Freedom to assert

Just a quickie…

In British politics there’s an idea of collective responsibility: once a policy is agreed in cabinet, members of the government are required to defend it even if they don’t agree with it personally[^1].

In Django we have similar. We try to reach decisions via consensus. Once that’s done, there’s a convention that you’ll support that, even if it didn’t quite go your way.

That applies all the more to the Fellows. It is quite literally their job to defend the consensus reached on discussions, and the outward manifestations of those, in things like the API stability and supported versions policy. Even if in a particular case they may not really agree.
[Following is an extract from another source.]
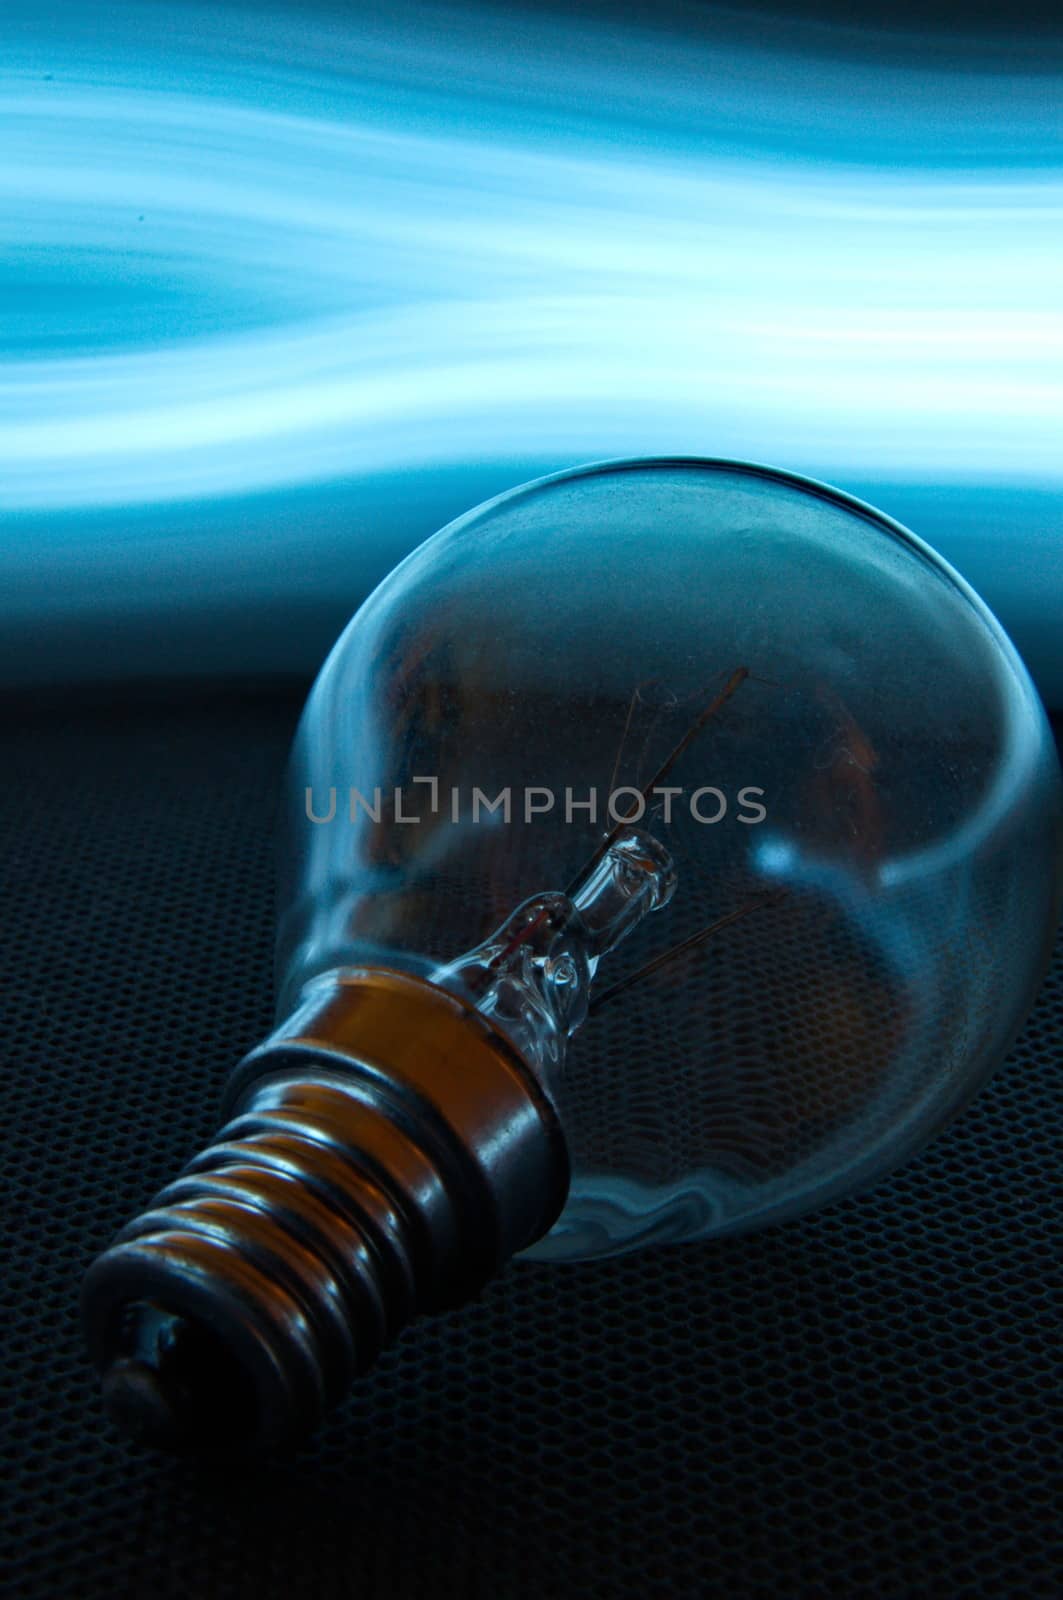 Lightbulb wiht enlighted background by anderm

And all of this is to the strength of Django.

There’s a consensus to favour exceptions over assertions, as per the discussion on #32508: raise a (e.g.) ValueError rather than use assert. If you’re ever going to catch it then sure but, just as a matter of (probably lackadaisical) style I’m a big fan of assertions. Make it blow up! 💥 I like the syntax.

I’ve chaffed a little at this.

Only a little, mind. It’s not really a biggie.

This morning though, I threw an assert ... into some code I was playing with, without even a niggle of Will I be able to justify that?.

That was quite refreshing. I’m enjoying my new found freedom to assert.

[^1]: I’m not sure this is still really a thing, if it ever really was, but it was definitely talked up a lot in the past.